# Dreaded P0016 Code - Crankshaft Position - Camshaft Position Correlation



## caper800 (Apr 24, 2017)

Hello all,

This is my first post as my son recently purchased a 2007 VW Rabbit with the 2.5L engine. I'm hoping that some of you knowledgeable folks can provide me with some direction. We purchased this car a few months back and when we purchased it the previous owner stated that he had the timing chains replaced when he put in the new 5-speed transmission. I'm not sure what specifically he replaced and in hindsight I would have asked more questions. Shortly after we purchased it it started throwing the P0016 code. From reading many forums in regards to this code usually this means that the timing is off, most likely the chain jumped a tooth.

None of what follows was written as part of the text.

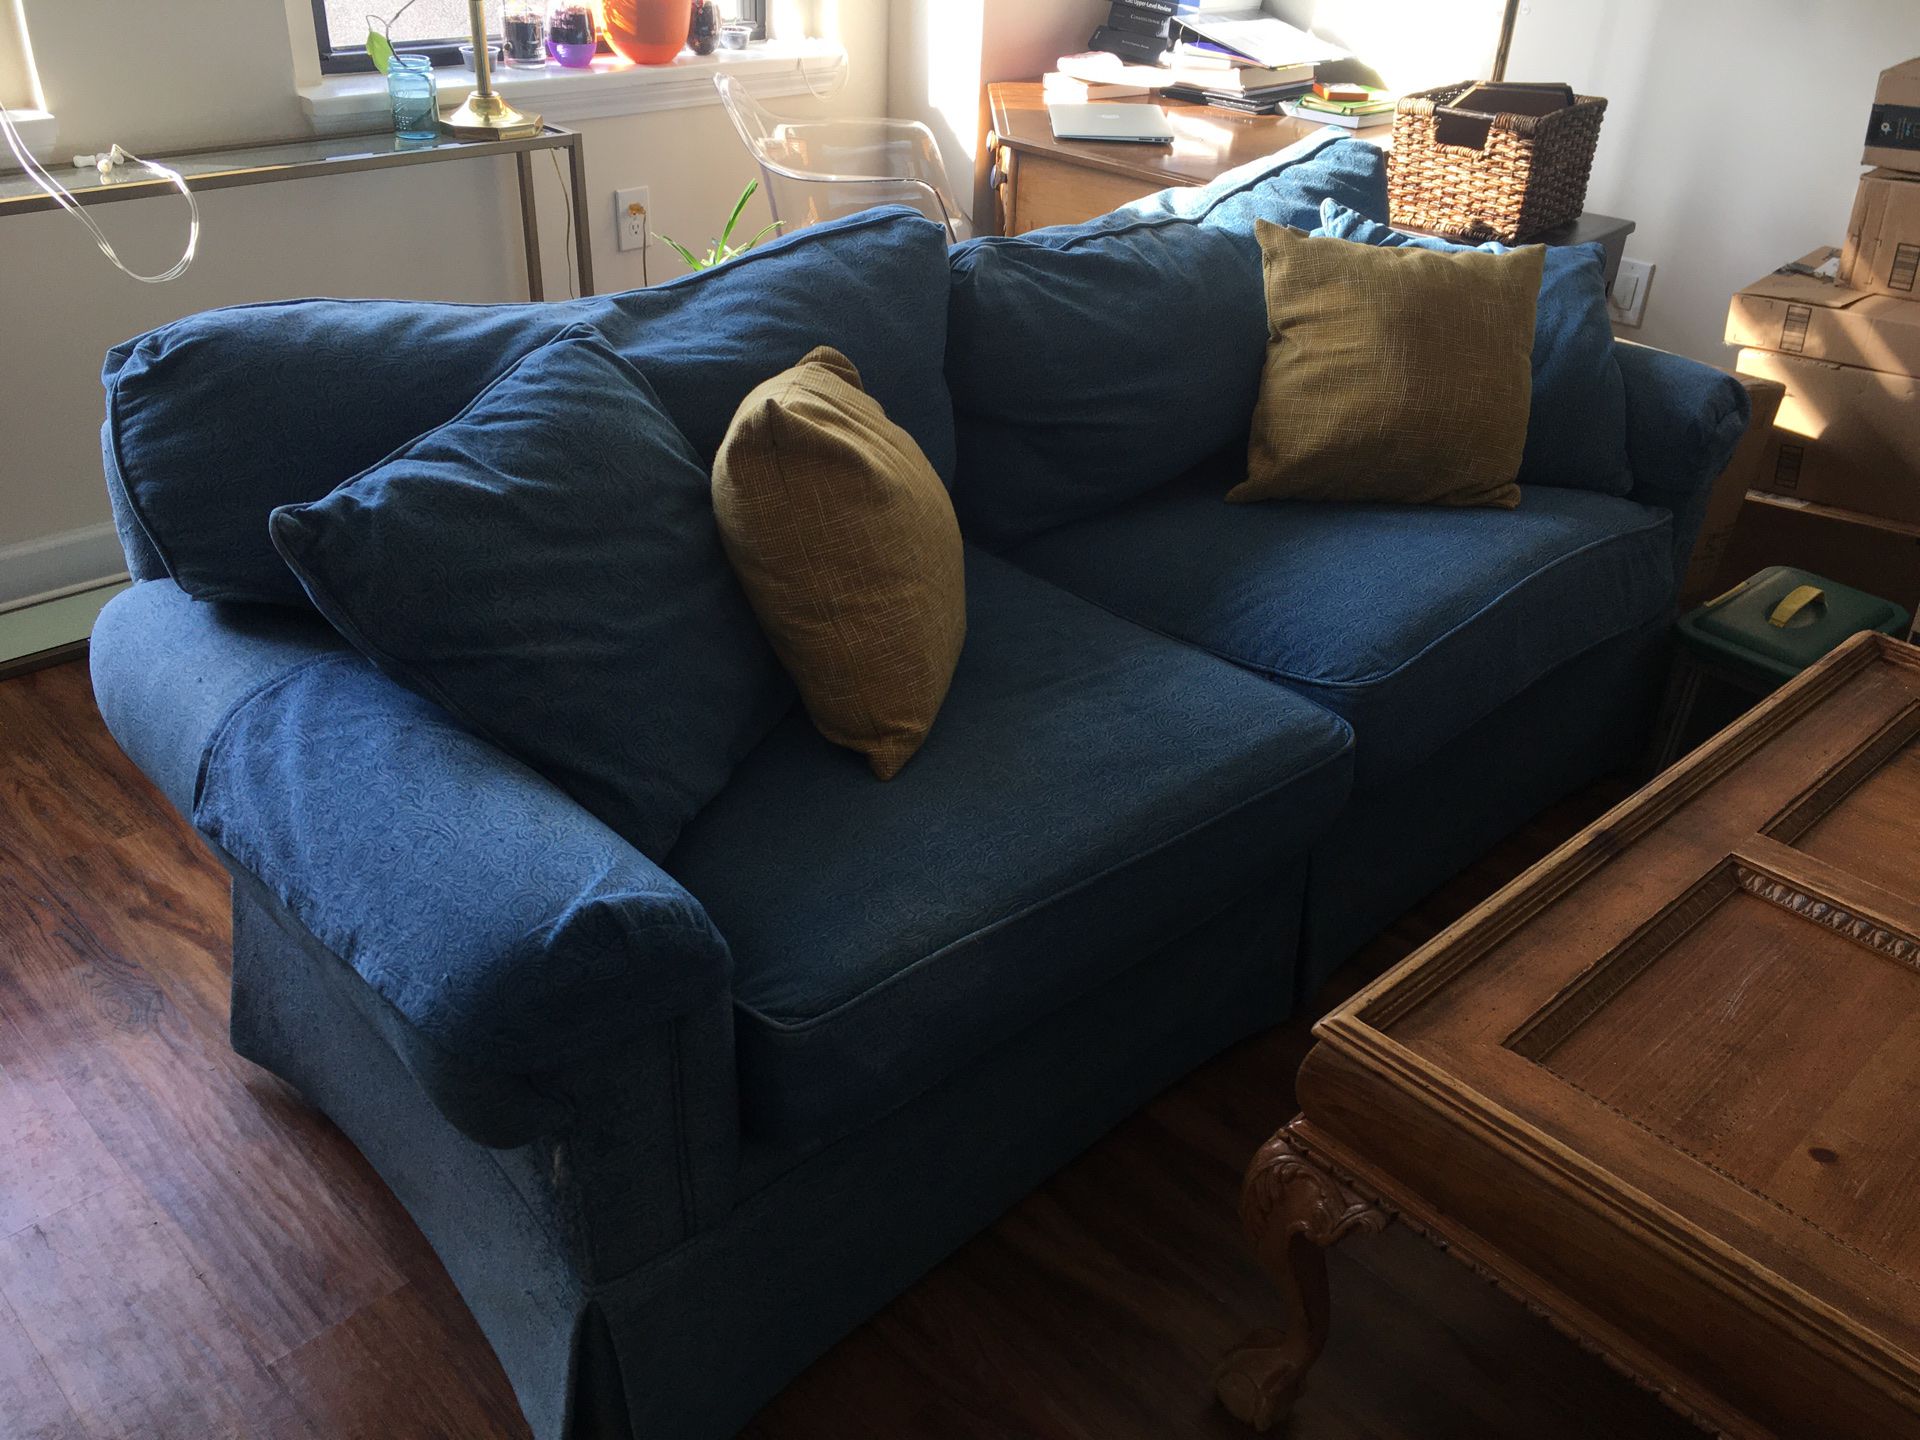 Blue Couch and Pillows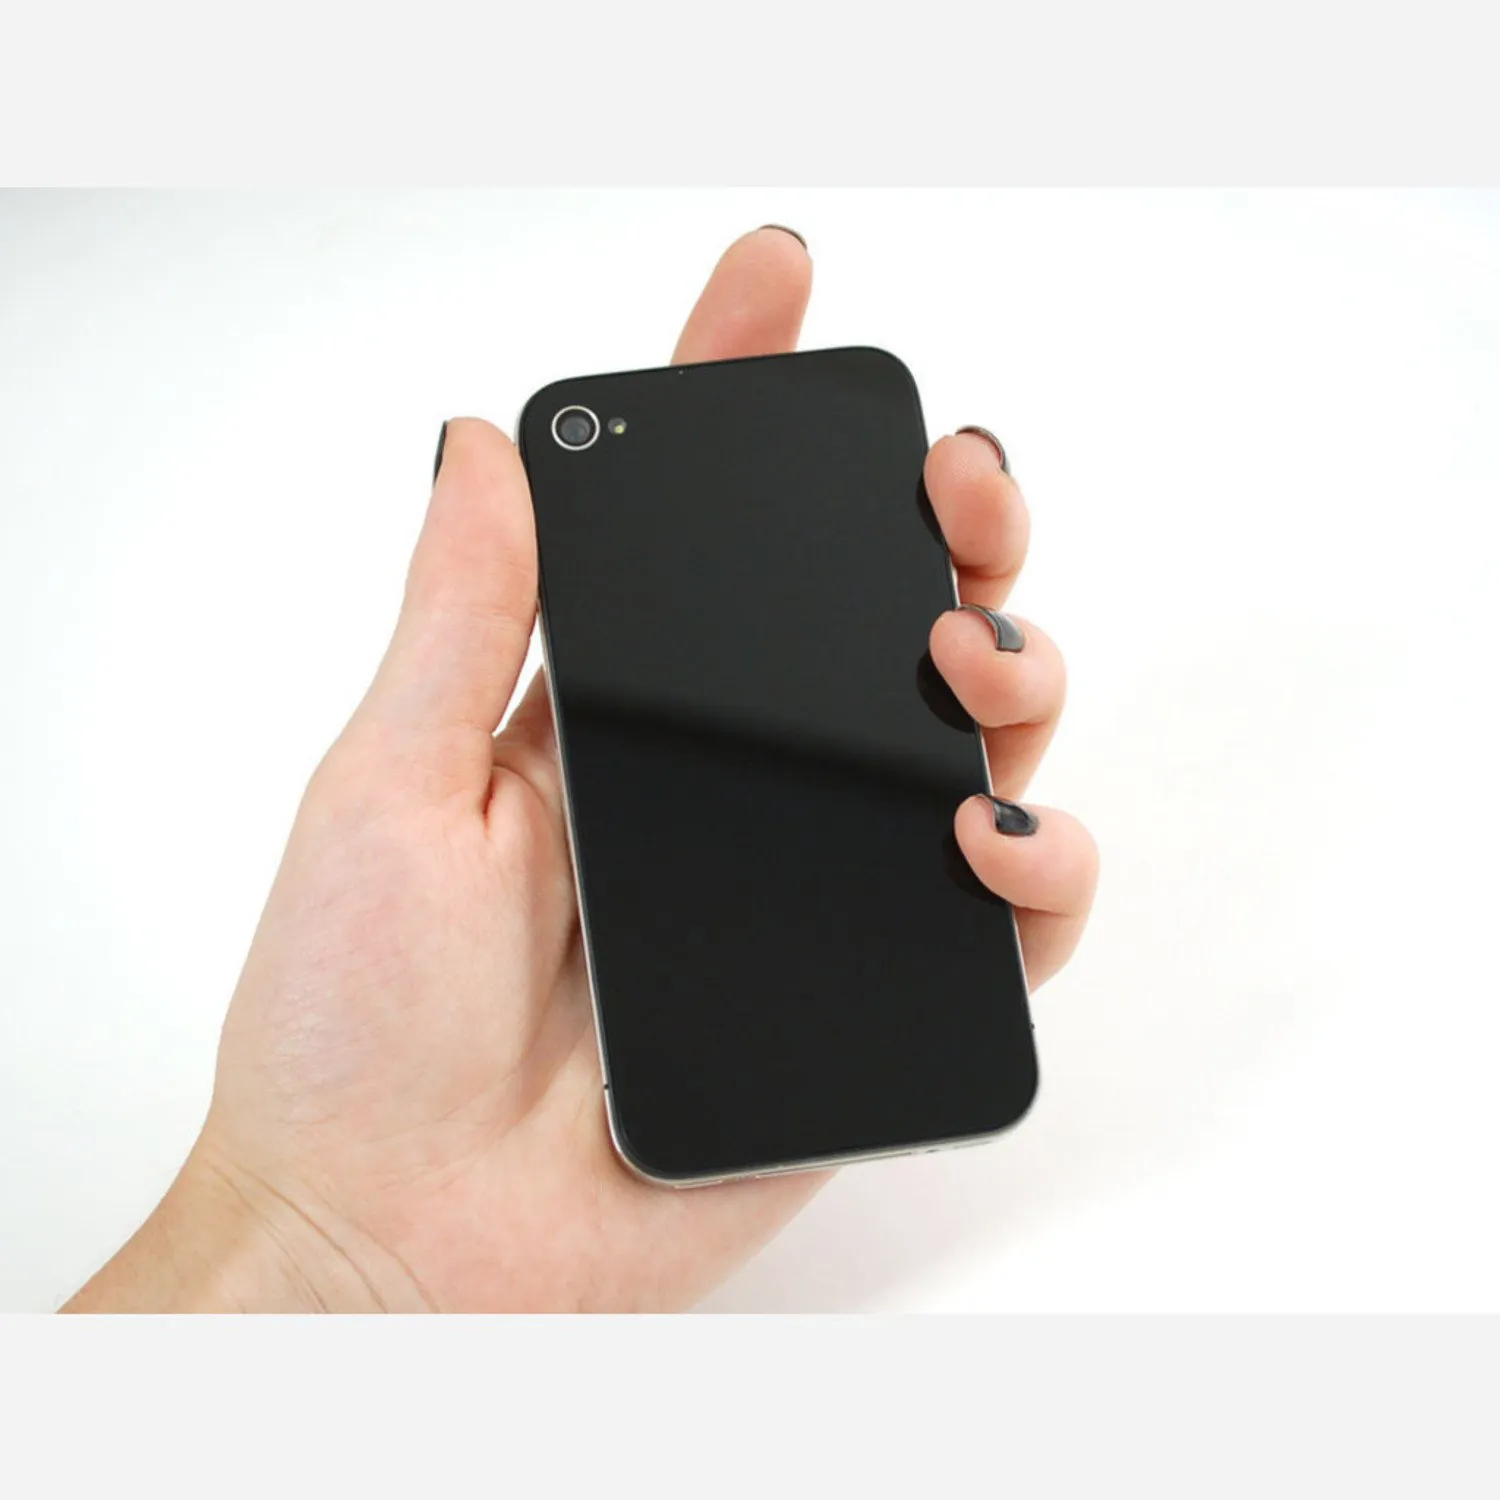 Photo of Black No-Logo iPhone Replacement Back - iPhone 4S

But the problem I have is the car runs fine with no noise from the chain and has plenty of power so I am hard pressed to believe the timing is off.

So far we have replaced both the crankshaft and camshaft sensors and the code is still there. All the coil packs were replaced by the previous owner as well.

My question is, what else could cause this code other than the timing being off, although that seems to be the most common reason? What should I check? Also, I have the OBDELEVEN scan tool so is there anything that I can do with this to narrow down my options? Is there a way to check the timing with it? I've played with the OBDELEVEN for a bit but am not an expert with it by any means. Any assistance you can provide would be appreciated!


----------



## Ronny Bensys (Apr 17, 2014)

caper800 said:


> My question is, what else could cause this code other than the timing being off, although that seems to be the most common reason?


Hello. Other than the off timing, a malfunctioning camshaft control valve N205 could cause that.


----------



## caper800 (Apr 24, 2017)

Ronny Bensys said:


> Hello. Other than the off timing, a malfunctioning camshaft control valve N205 could cause that.


Thanks for the reply, do you know if there is a way to test the n205 control valve? Is there a way to utilize obdeleven?

Sent from my LG-D852 using Tapatalk


----------



## Ronny Bensys (Apr 17, 2014)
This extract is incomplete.